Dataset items
⁂
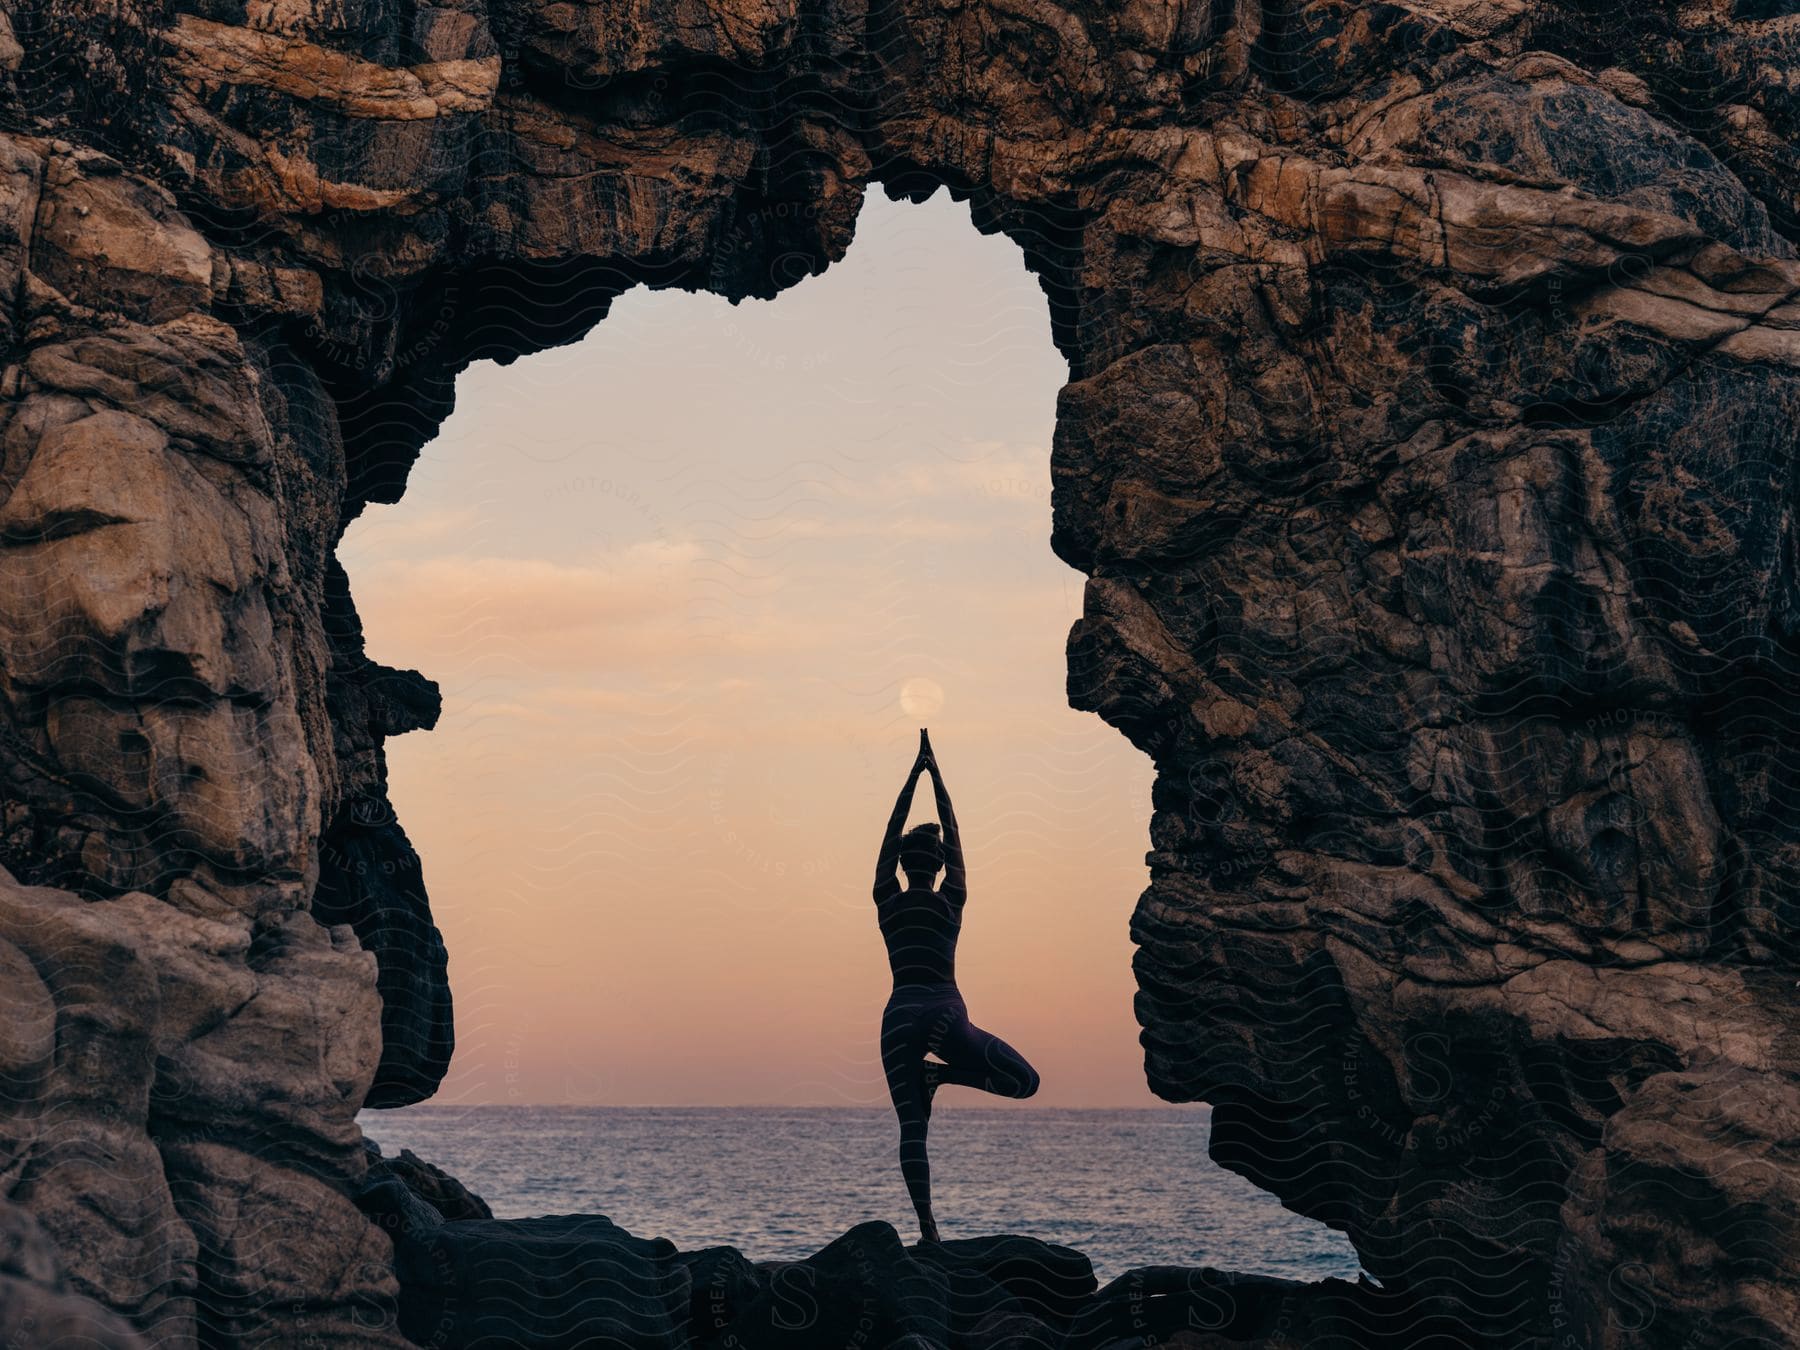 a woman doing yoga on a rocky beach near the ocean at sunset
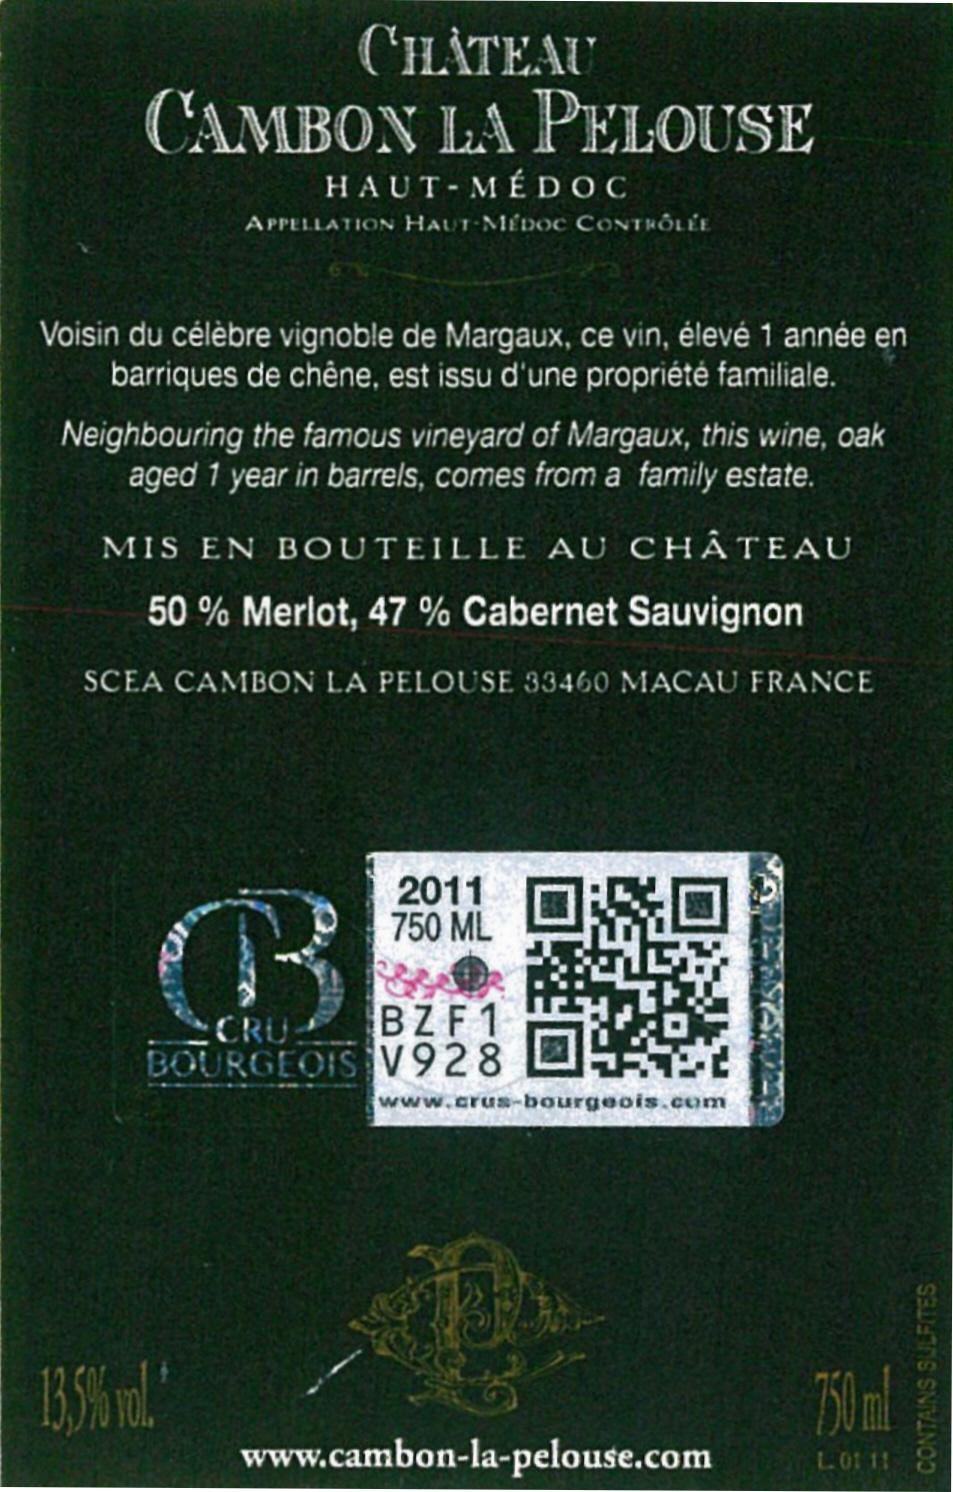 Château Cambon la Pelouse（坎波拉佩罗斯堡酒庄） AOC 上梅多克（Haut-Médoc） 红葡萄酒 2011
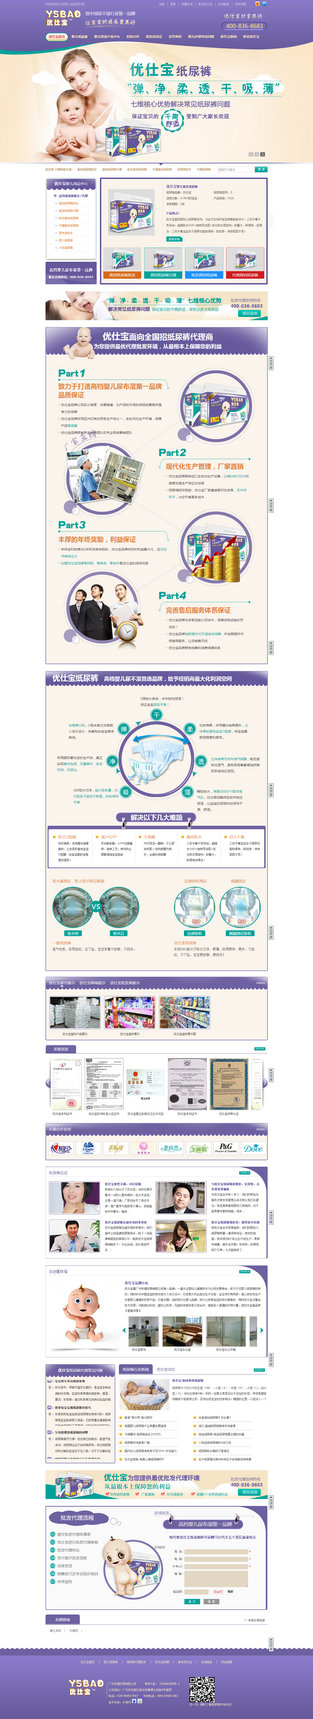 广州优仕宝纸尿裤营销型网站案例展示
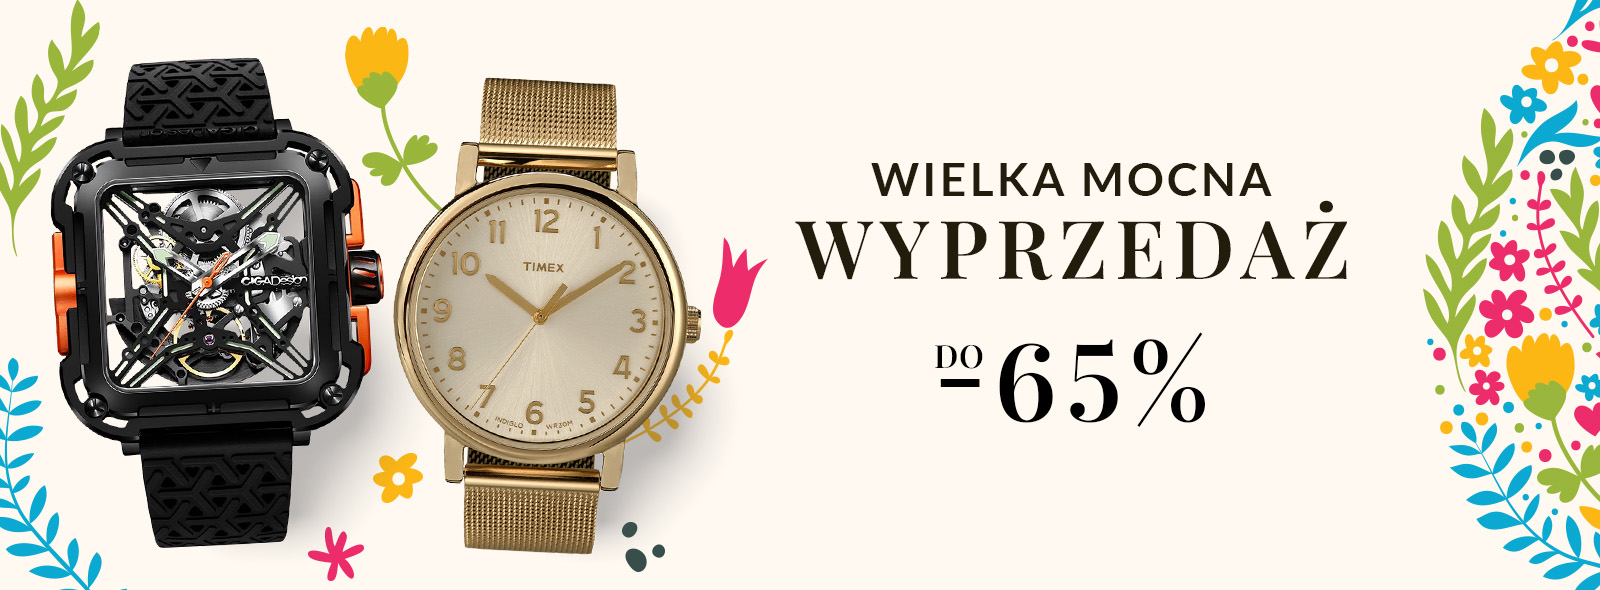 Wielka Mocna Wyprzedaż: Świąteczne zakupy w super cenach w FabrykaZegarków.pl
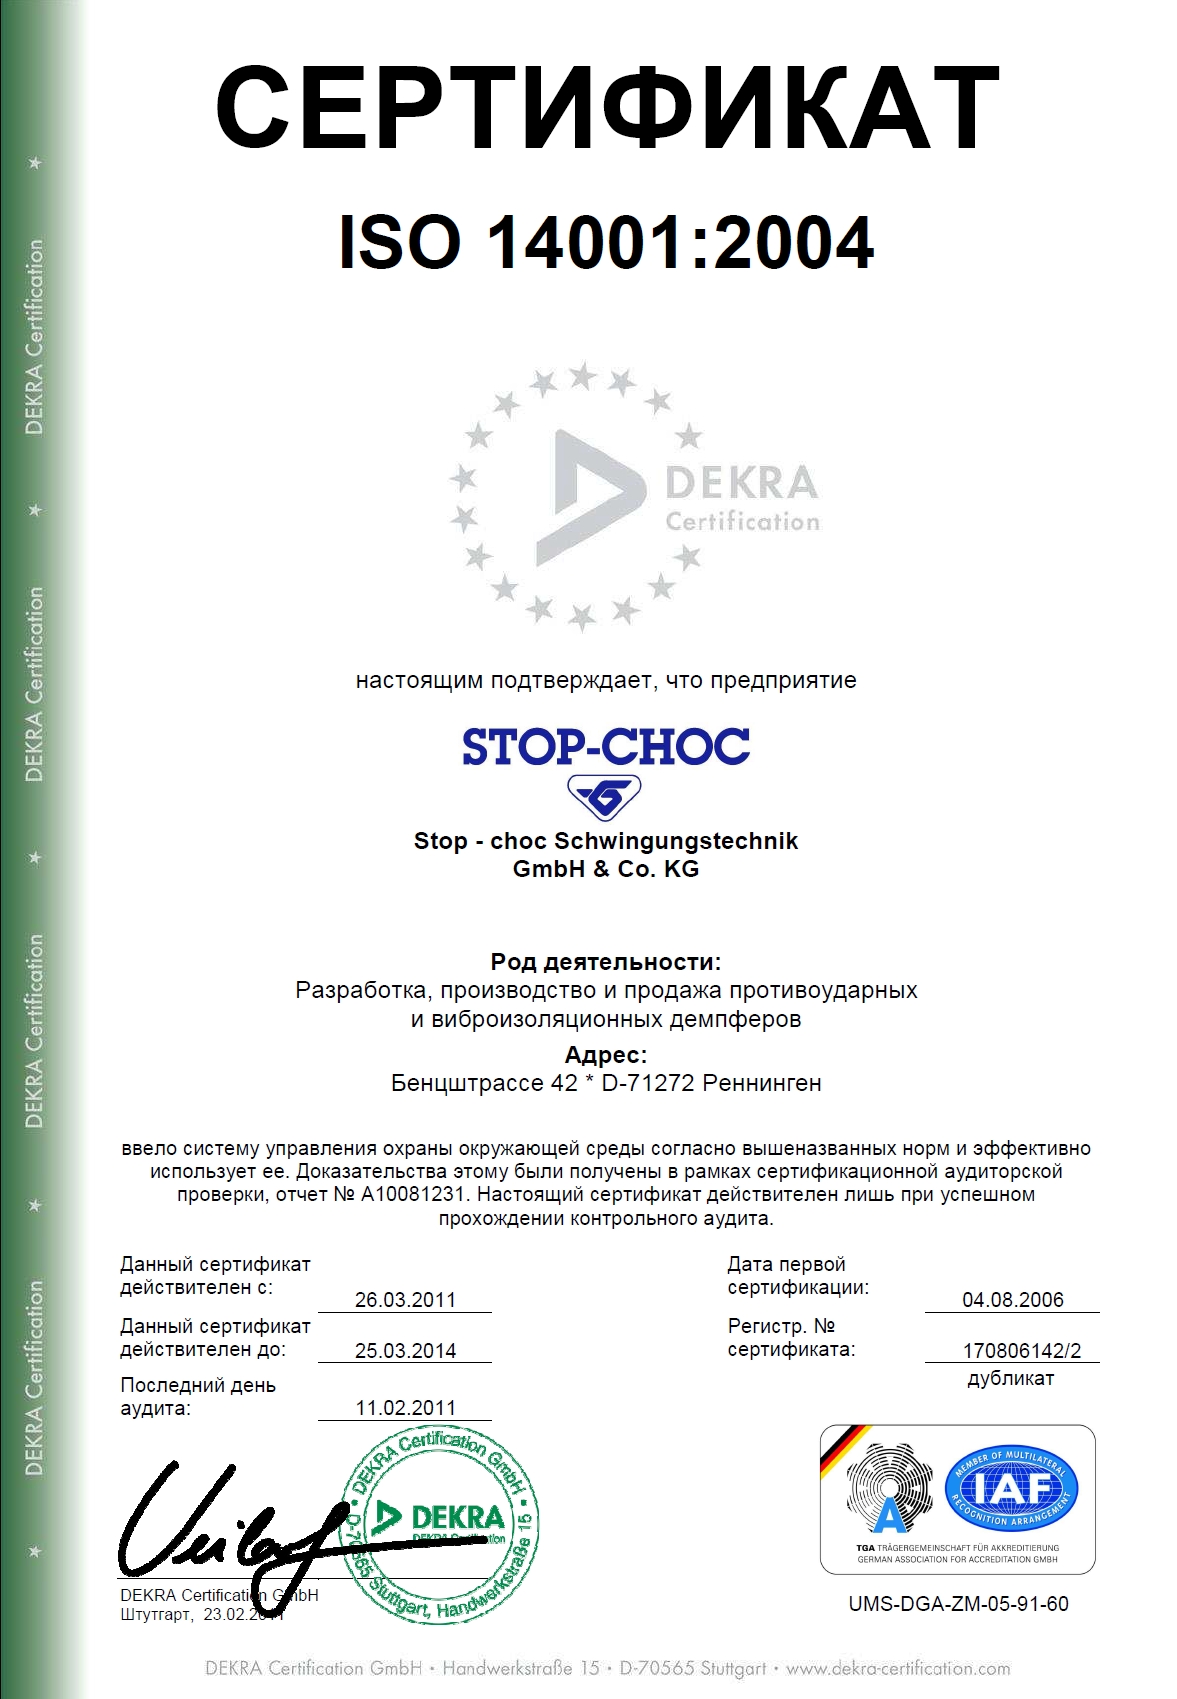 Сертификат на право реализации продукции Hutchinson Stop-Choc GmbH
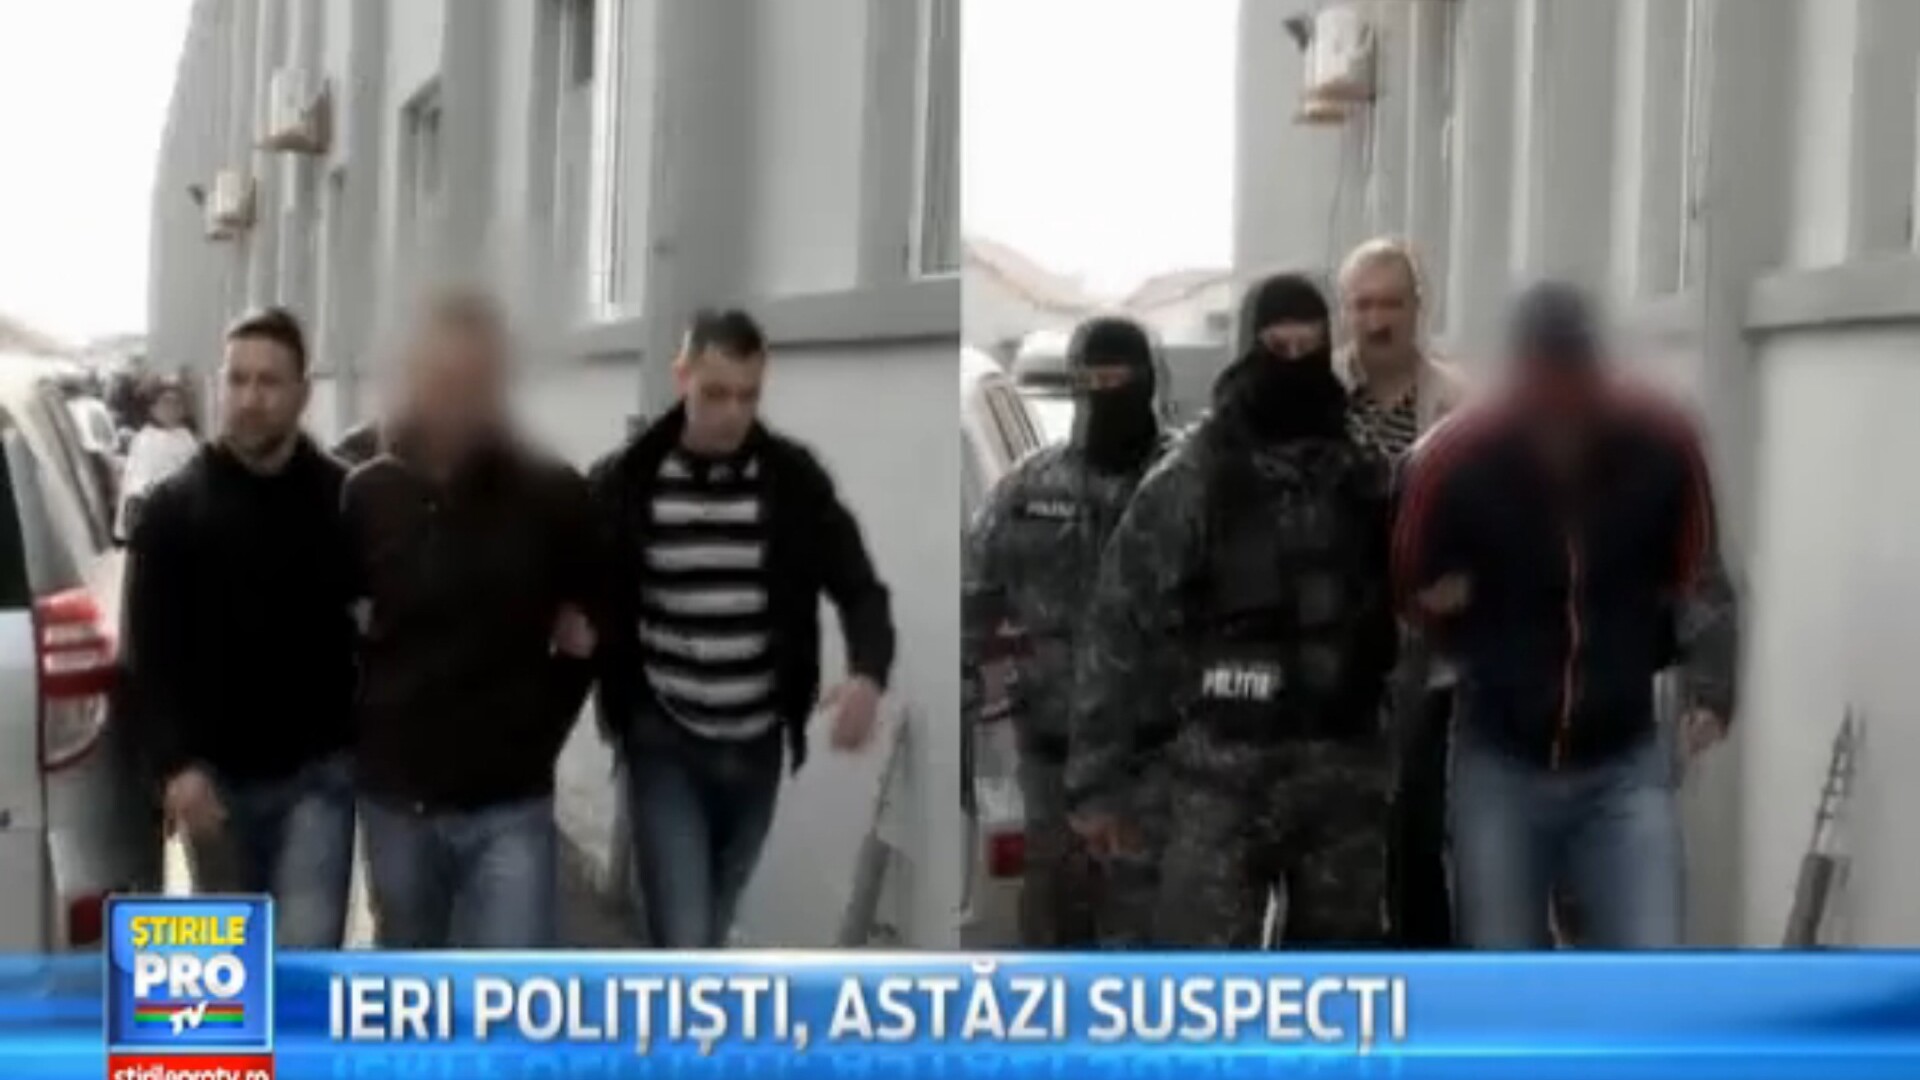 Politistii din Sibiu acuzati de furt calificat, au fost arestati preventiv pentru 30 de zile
⁂
## PROBLEM DESCRIPTION
Please copy the data above word for word, but only from the line that contains "广州优仕宝纸尿裤营销型网站案例展示" through the final line, both included, and without the pictures.

## EXERCISE ANSWER
 广州优仕宝纸尿裤营销型网站案例展示
 Wielka Mocna Wyprzedaż: Świąteczne zakupy w super cenach w FabrykaZegarków.pl
 Сертификат на право реализации продукции Hutchinson Stop-Choc GmbH
 Politistii din Sibiu acuzati de furt calificat, au fost arestati preventiv pentru 30 de zile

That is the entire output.